首先从“东海颠倒山”__libc_start_main(xtern/dync_hook/spec_hooks.cpp: line 73)开始我们的旅行(还是寻宝比较给劲儿^-^)。通过“永久指针”printf我们来到了“伟大航路”上的 __tern_prog_begin(xtern/lib/runtime/helper.cpp: line  123)岛。让我们在它上面寻找我们想要的东西吧。果然有宝物tern::InstallRuntime(),顺着它我们找了对于我们这个大航海至关重要的伙伴Runtime::the = new RecorderRT<RRScheduler>(xtern/lib/runtime/record-runtime.cpp: line 183)。伙伴the是师承东海的Runtime和王下七武海的RRScheduler的一名剑客(RecorderRT)。
下一站在the的指引下我们来到了the的老师身为王下七武海的RRScheduler的领地,我们要向他请求一样东西。可是RRScheduler并没有,不过在他的帮助下我们通过他师父(Scheduler)的师父(Serializer)的师父(TidMap),锁定了宝物的位置。它藏在xtern/include/tern/runtime/scheduler.h中TidMap(pthread_t main_th) { init(main_th); }中的init里。果然我们终于在init里面找到了宝物create()。

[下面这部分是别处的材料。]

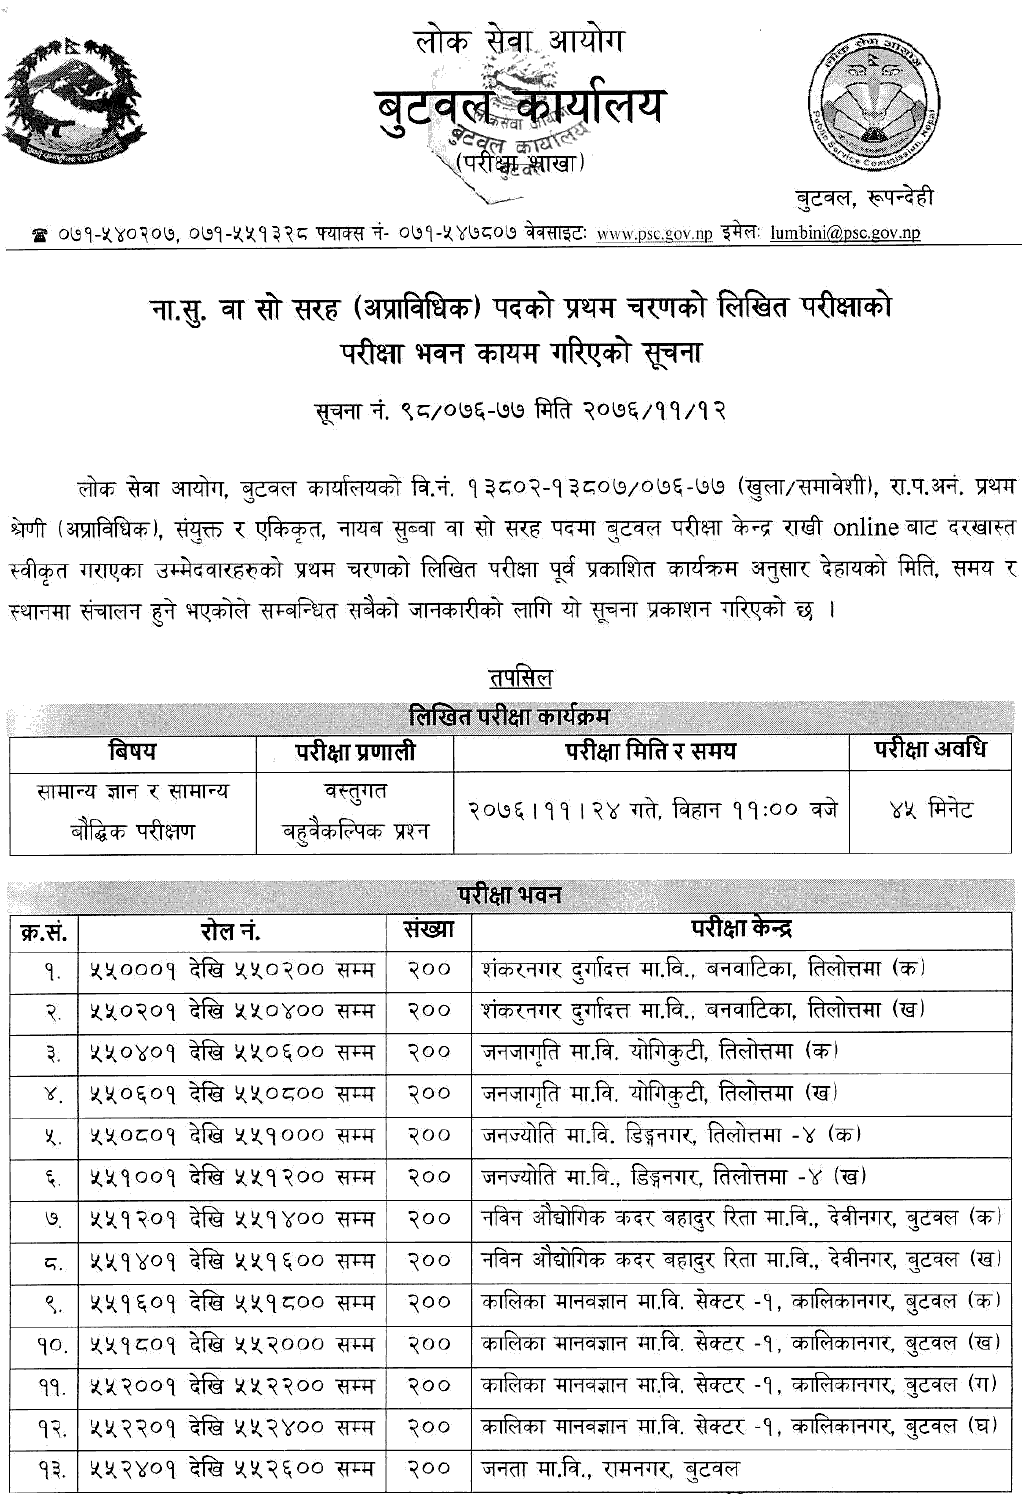 Nayab Subba First Phase Written Exam Center Butwal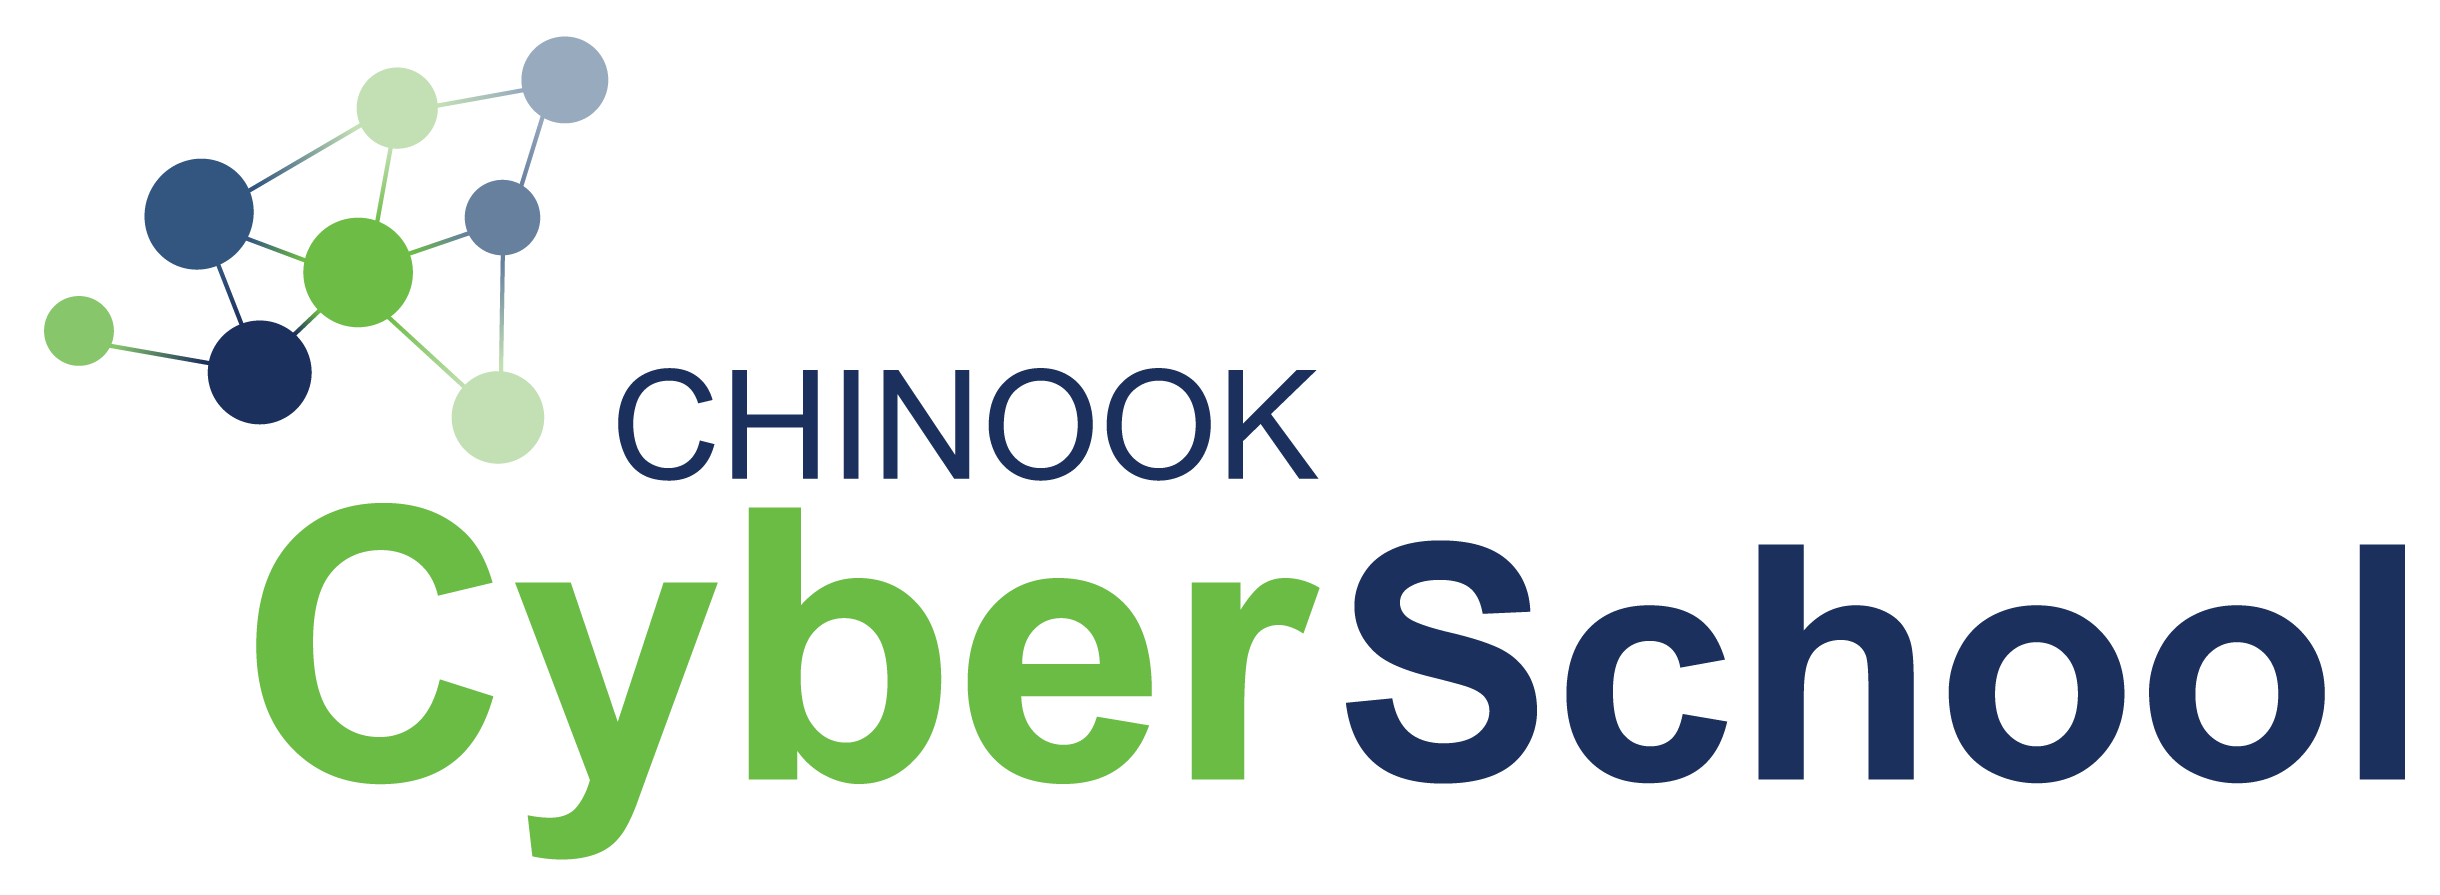 Chinook Cyber School logo

宝物create告诉我们,之前我们找到的宝物tern::InstallRuntime()需要和一件宝物相接,而这件宝物应该在我们发现tern::InstallRuntime()的地方的附近。没办法,只好返回 __tern_prog_begin(xtern/lib/runtime/helper.cpp: line  123)岛。在printf("liuqiushan8019\n")和printf("liuqiushan8020\n")的夹逼下,我们将地点锁定到了tern_thread_begin(); // main thread begins。这时the使出了大招百八十烦恼风Runtime::the->threadBegin(),击败敌人后,终于夺得了宝物SCHED_TIMER_START。


第二回

上回说到我们得到一个宝物叫create(),它由一个兄弟,我们顺着这条线:__libc_start_main->__tern_prog_begin->tern_pthread_create,发现在tern_pthread_create中有一个岛屿叫Runtime::the->pthreadCreate,在它上面果然又有一个create(),但目前我们不知道它的作用,只知道它印有idle。这让我想探究一下create()的家室,看看它究竟还有多少个兄弟,每个create()又肩负着怎样的使命。
现在我们要弄明白的是创建的四个子线程的执行顺序是什么样的,是一个线程先完成任务,再让另一个线程执行,还是A-B-C-D这样不断循环,最终近乎一块结束?在有LD_PRELOAD时(即使用Parrot),创建四个子线程,M=30000,loops=6e3,奇妙的现象出现了:当有pthread_mutex_lock(&mutex)和pthread_mutex_unlock(&mutex)时,四个子线程的执行顺序是A-B-C-D循环M次;当没有mutex时,四个子线程的执行顺序是A执行完自己所有的任务,然后B开始执行,再C,再D,而且没有mutex不影响结果的准确。
让我们请出大神VTune,帮助我们分析一下这两种顺序的差异和原因。这是我们大航海面临的第一个强敌,不可大意,在此我下达船长命令:全体船员准备战斗!

有mutex:



无mutex:




接下来让我们从源码的角度看一看这四个子线程是如何被创建出来的。在上面寻找应有idle的create时,我们发现了tern_pthread_create,我猜想它就是创建idle和其他四个子线程的入口。奇怪的是那里调用了tern_pthread_create?PARROT中只有两处调用了tern_pthread_create,但经鉴定都不是,其中一处位于xtern\lib\runtime\record-runtime.cpp: line 2183,它在整个过程中未执行;另一处位于xtern\lib\runtime\helper.cpp: line 152,它是用来创建一开始的idle线程的,我们将它注掉,并不影响speedup-example的运行。所以我们大胆猜想:根据LD_PRELOAD的原理,在speedup-example.cpp中我们使用了pthread_create,虽然在Parrot中在xtern\eval\rand-intercept\rand-intercept.c: line 251中有同名函数pthread_create,但它并未被使用,所以我们猜想是tern_pthread_create替换了speedup-example.cpp中的pthread_create。
这样我们大致弄清楚了程序一开始到创建四个子线程这段过程中究竟Parrot在干什么——

(A)程序开始执行到创建四个子线程之前




简单地说就是初始化了Runtime::the,然后main thread begins,再然后创建了一个idle线程,目前还不知道其作用。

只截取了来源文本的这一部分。